» **Data excerpt**:
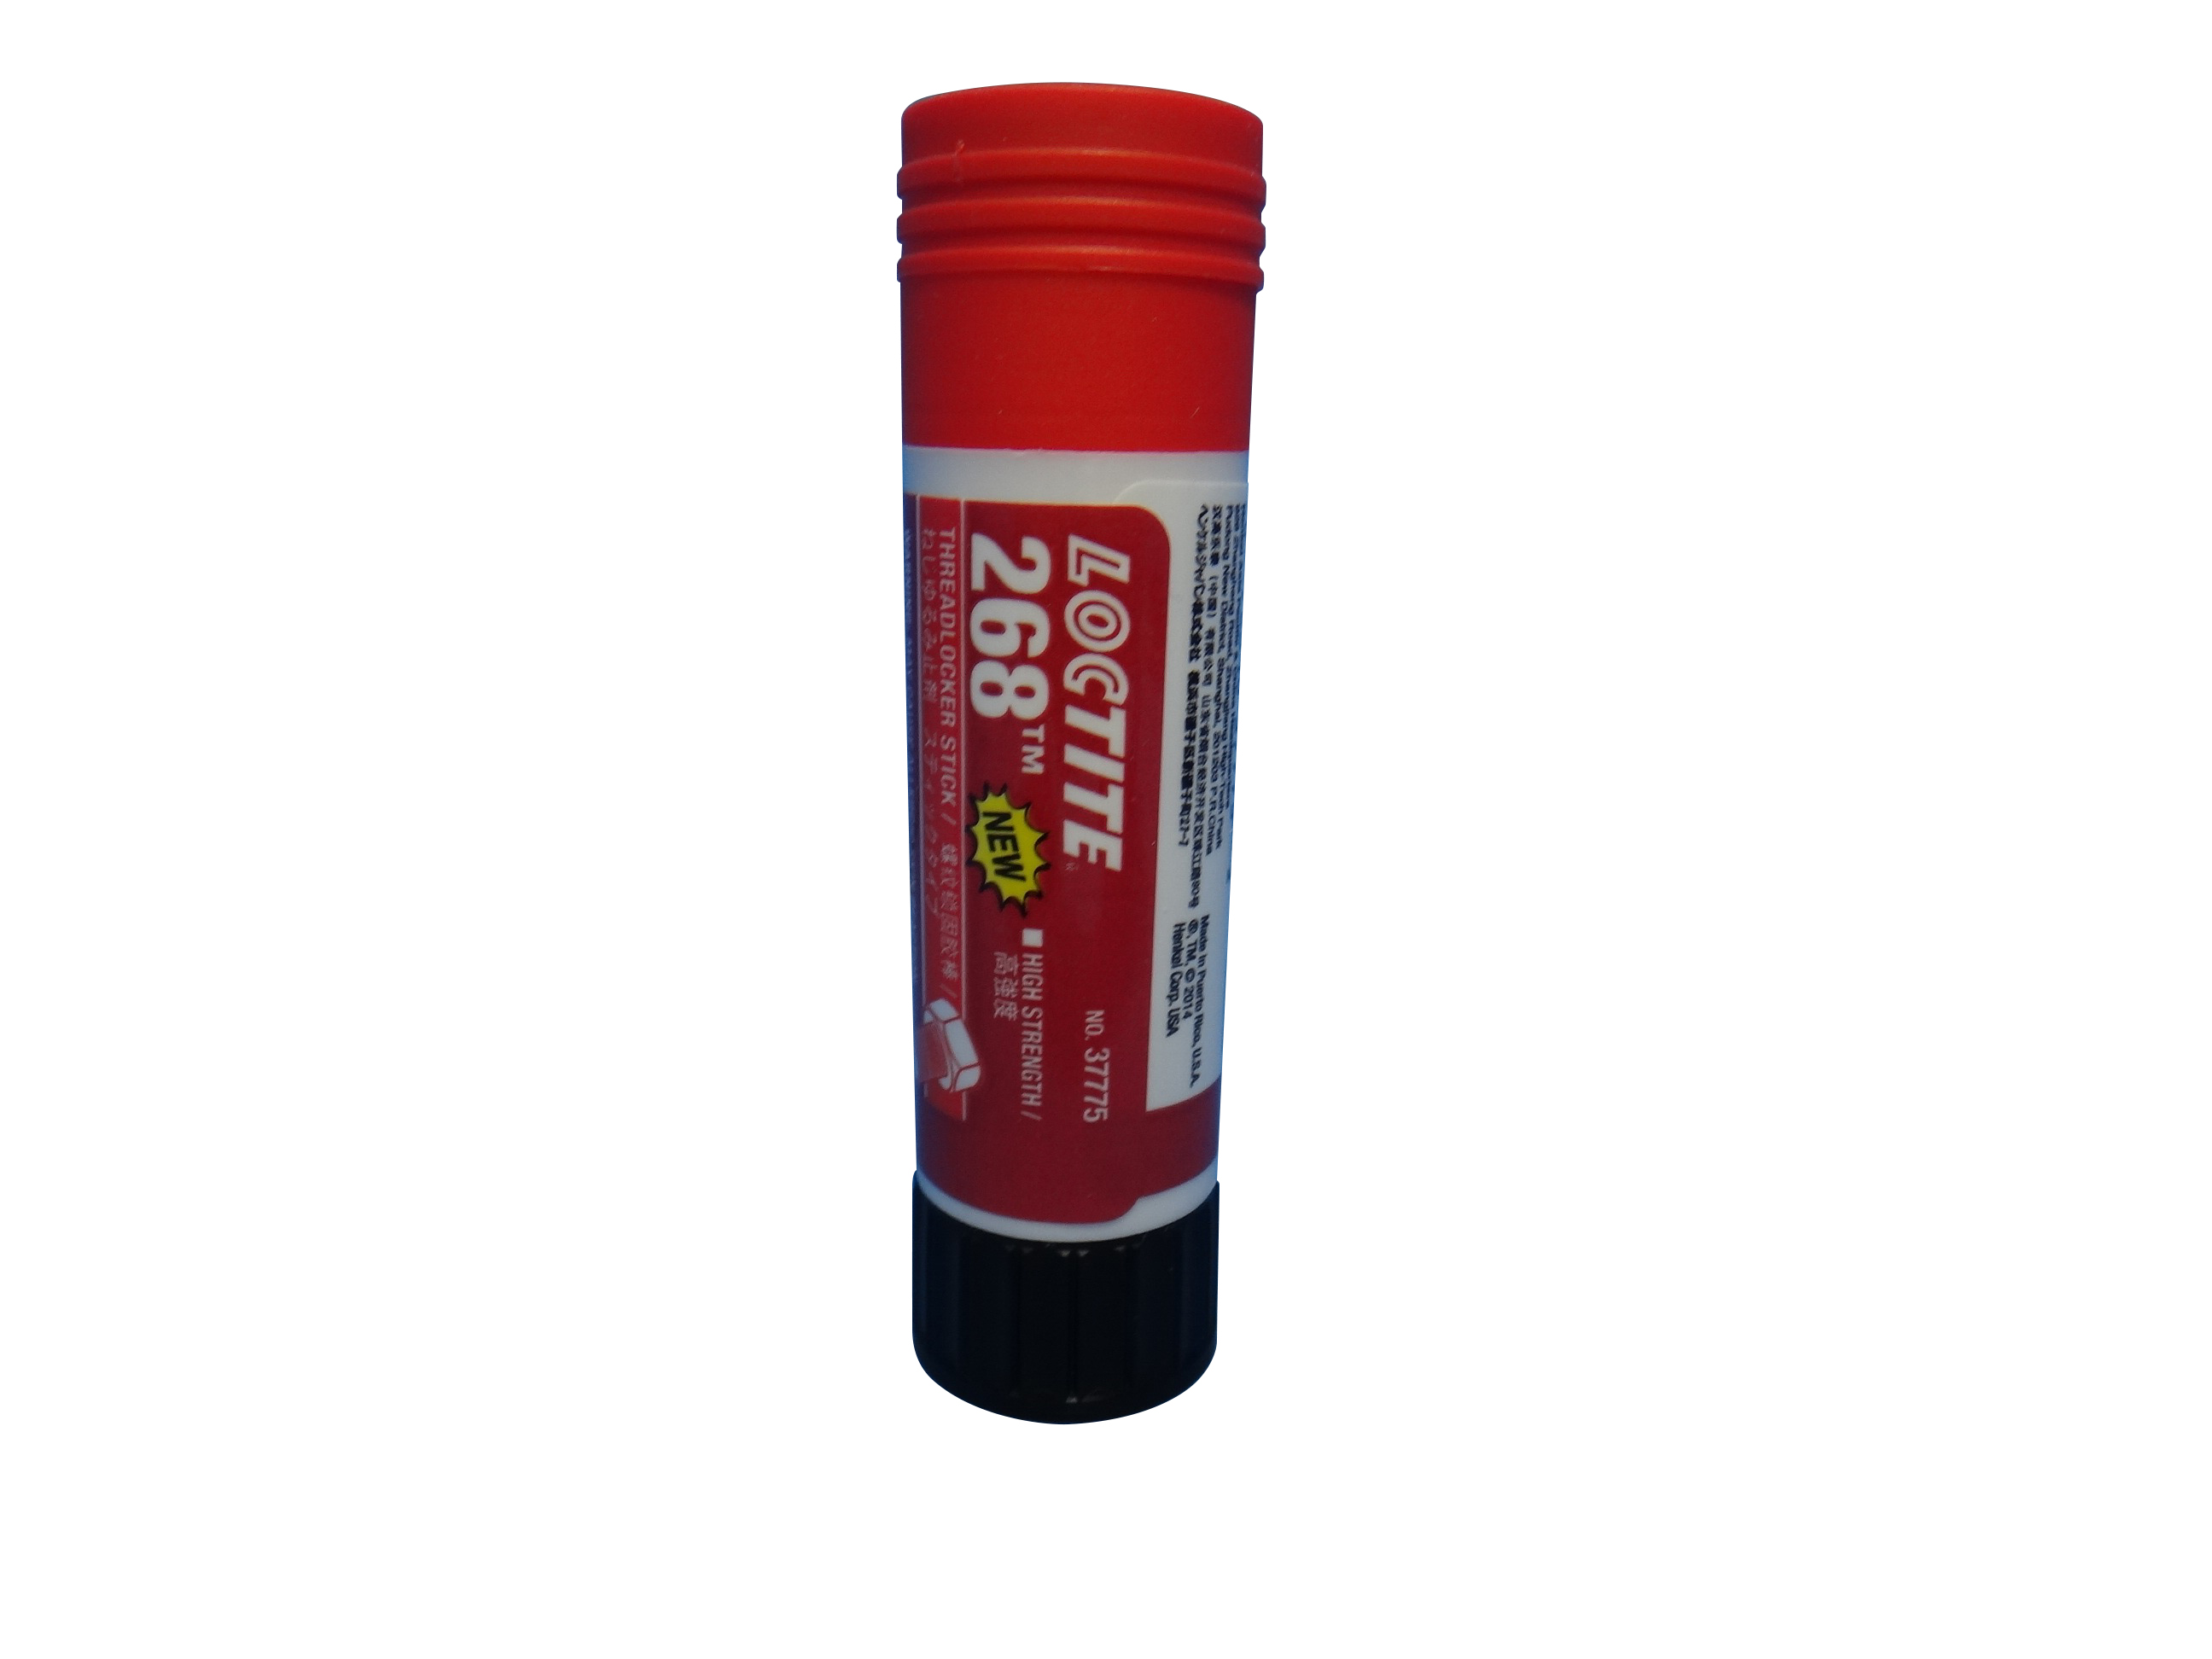 Loctite Anaerobic Adhesive for Thread Locking 268 (High Strength)
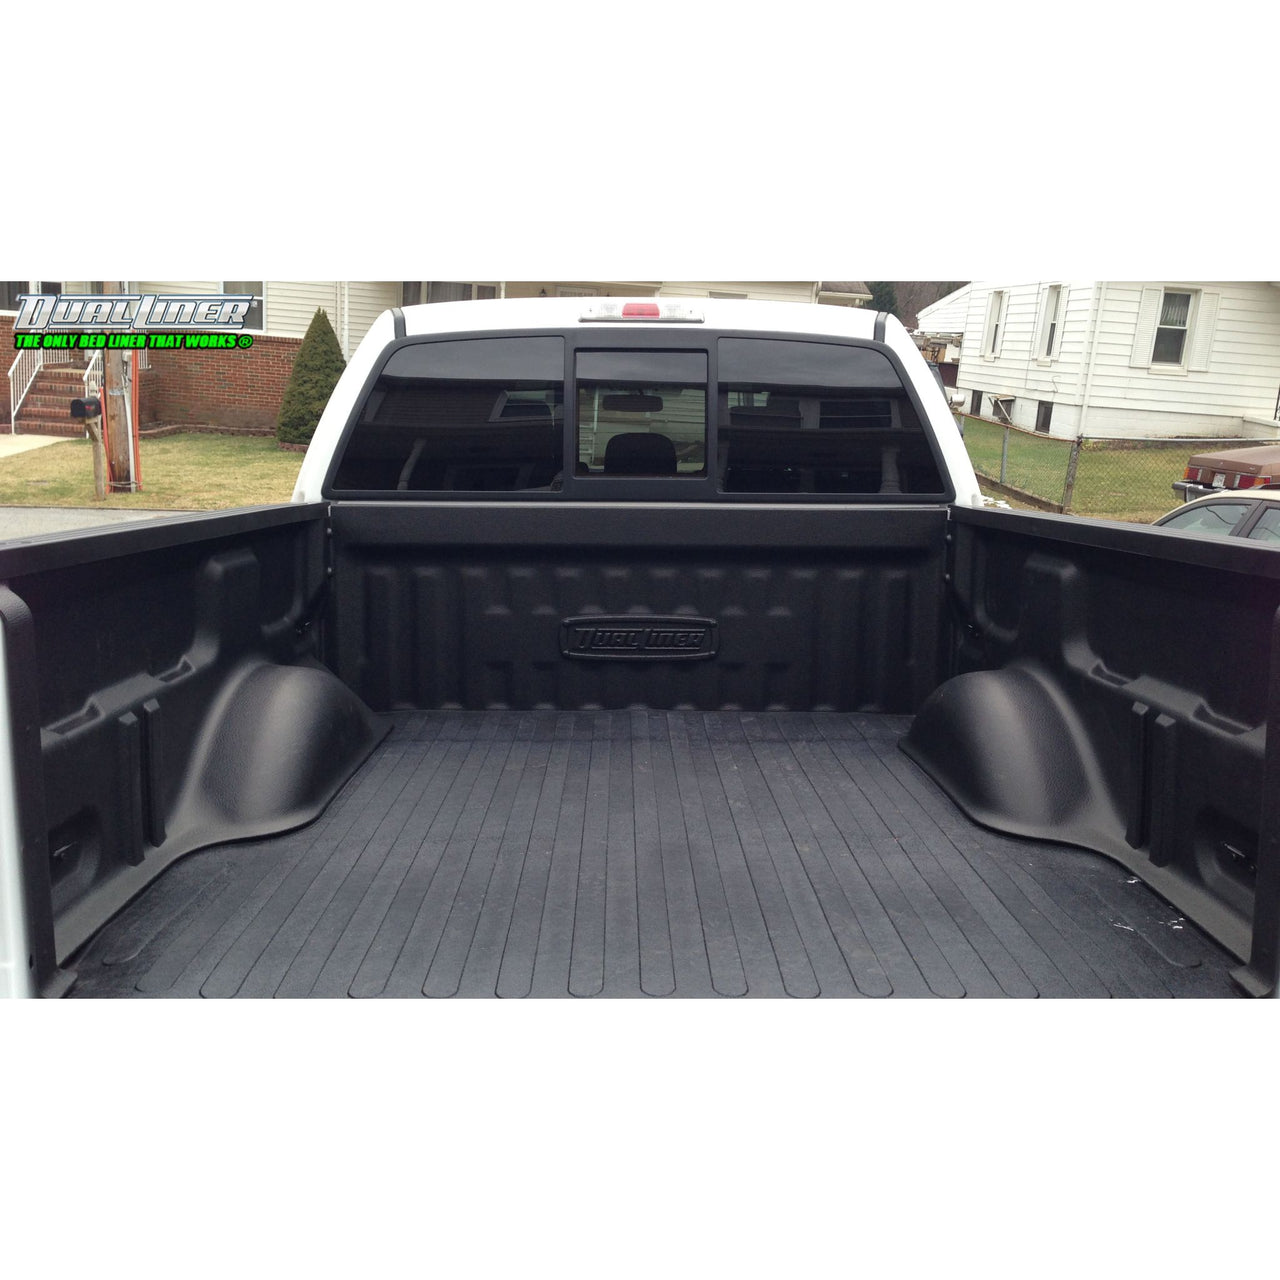 DualLiner 2008 to 2010 F-250 /F-350 - Long 8' Bed
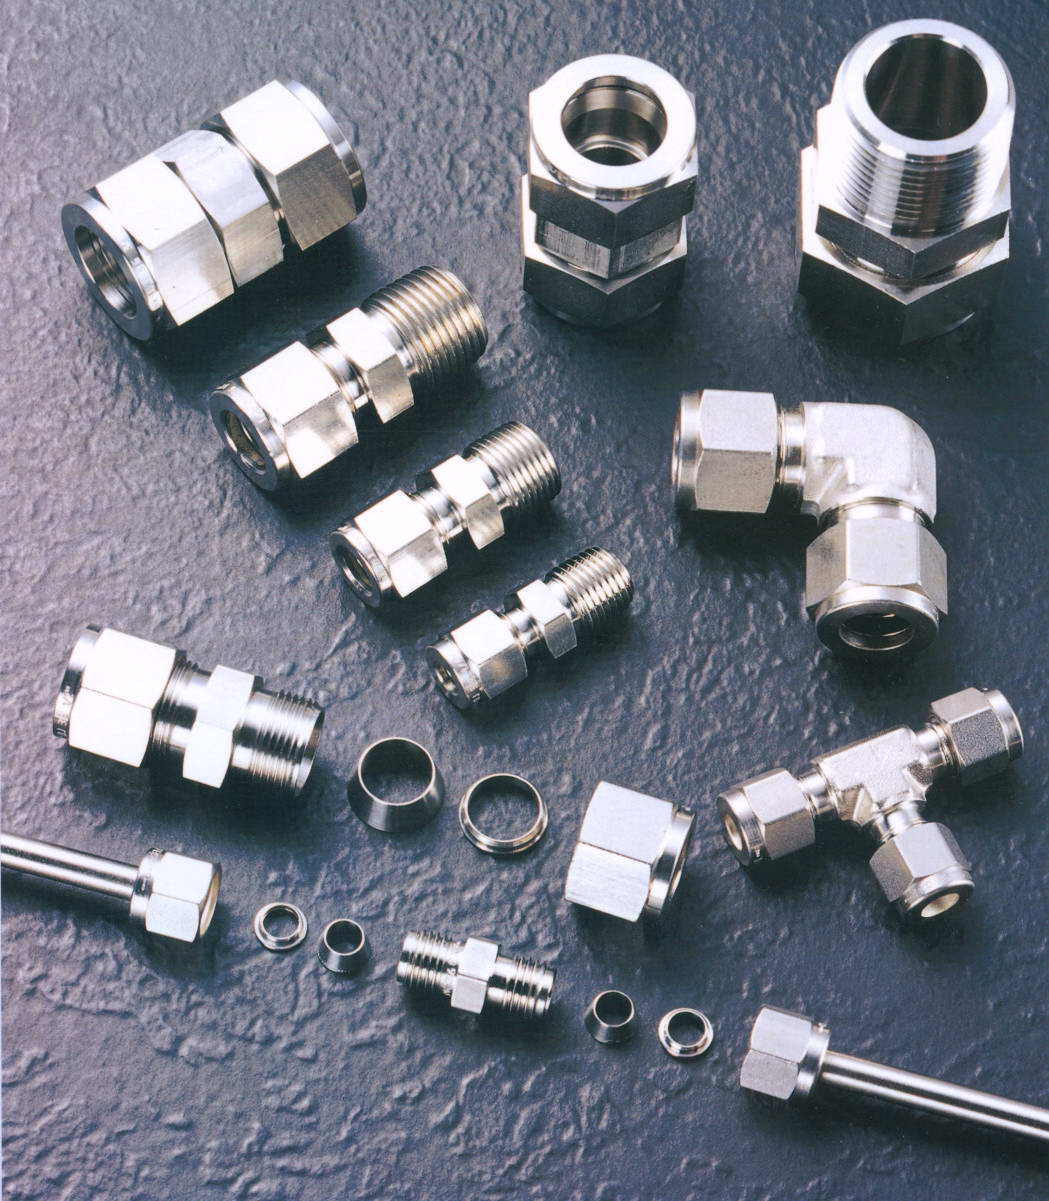 VCR 管件, VCR接頭, VCR閥門, 氣體管件 ( VCR Fittings / VCR Couplings Parker / VCR Micro Fittings)

» **To do**: Print the listing exactly, minus any pictures.

» **Response area**:
 Loctite Anaerobic Adhesive for Thread Locking 268 (High Strength)
 DualLiner 2008 to 2010 F-250 /F-350 - Long 8' Bed
 VCR 管件, VCR接頭, VCR閥門, 氣體管件 ( VCR Fittings / VCR Couplings Parker / VCR Micro Fittings)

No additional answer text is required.